As I modeled the shapes using balsa wood or thin poplar stock, I realized how far I had to go to wrap my head around translating something two-dimensional as three-dimensional space.


Enter Stereotomy.


In 2018, Oliver and I researched woodworking classes we could attend together at a nearby school. During the hunt, Oliver found a class called Stereotomy: Building Architectural Models. He thought taking the course was the difference between life and death for my studio work. I brushed him off at first, but I eventually signed up and applied for a grant to help pay for the class and travel. Thank you ArtsKC.


The class was a gamechanger.
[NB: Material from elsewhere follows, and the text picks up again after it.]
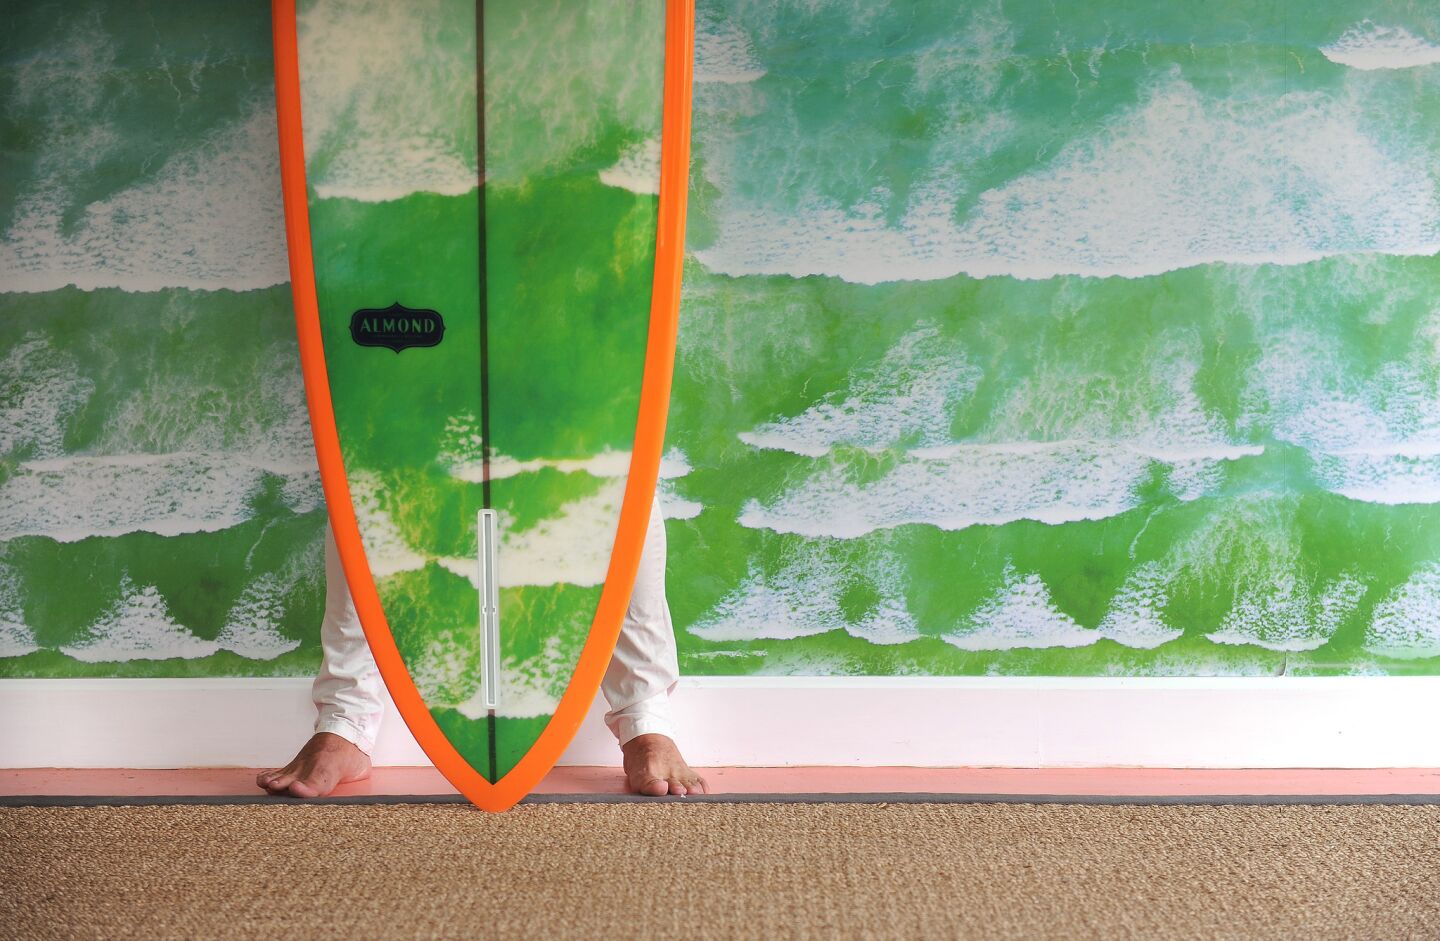 Malin stands behind a surfboard imprinted with his "Cape Town Waves" image.

I still practice the drafting techniques I learned or review my technical drawings from the class to make certain joints. I have been on a long journey, but every series of work I build improves just a little.


Here's a shot from my exhibition titled Limen in October of 2019.


I'm currently four months past these tabletop sculptures and I finally have my sea legs. I'm building without thinking too much about the next step and I am working directly from my sketches rather than drafting a full stereotomical drawing to visualize a form.


I've stepped back from building work in the round for a while because my upcoming exhibitions only permit wall work. I'm excited to jump back in after March and see how this series will change the new work.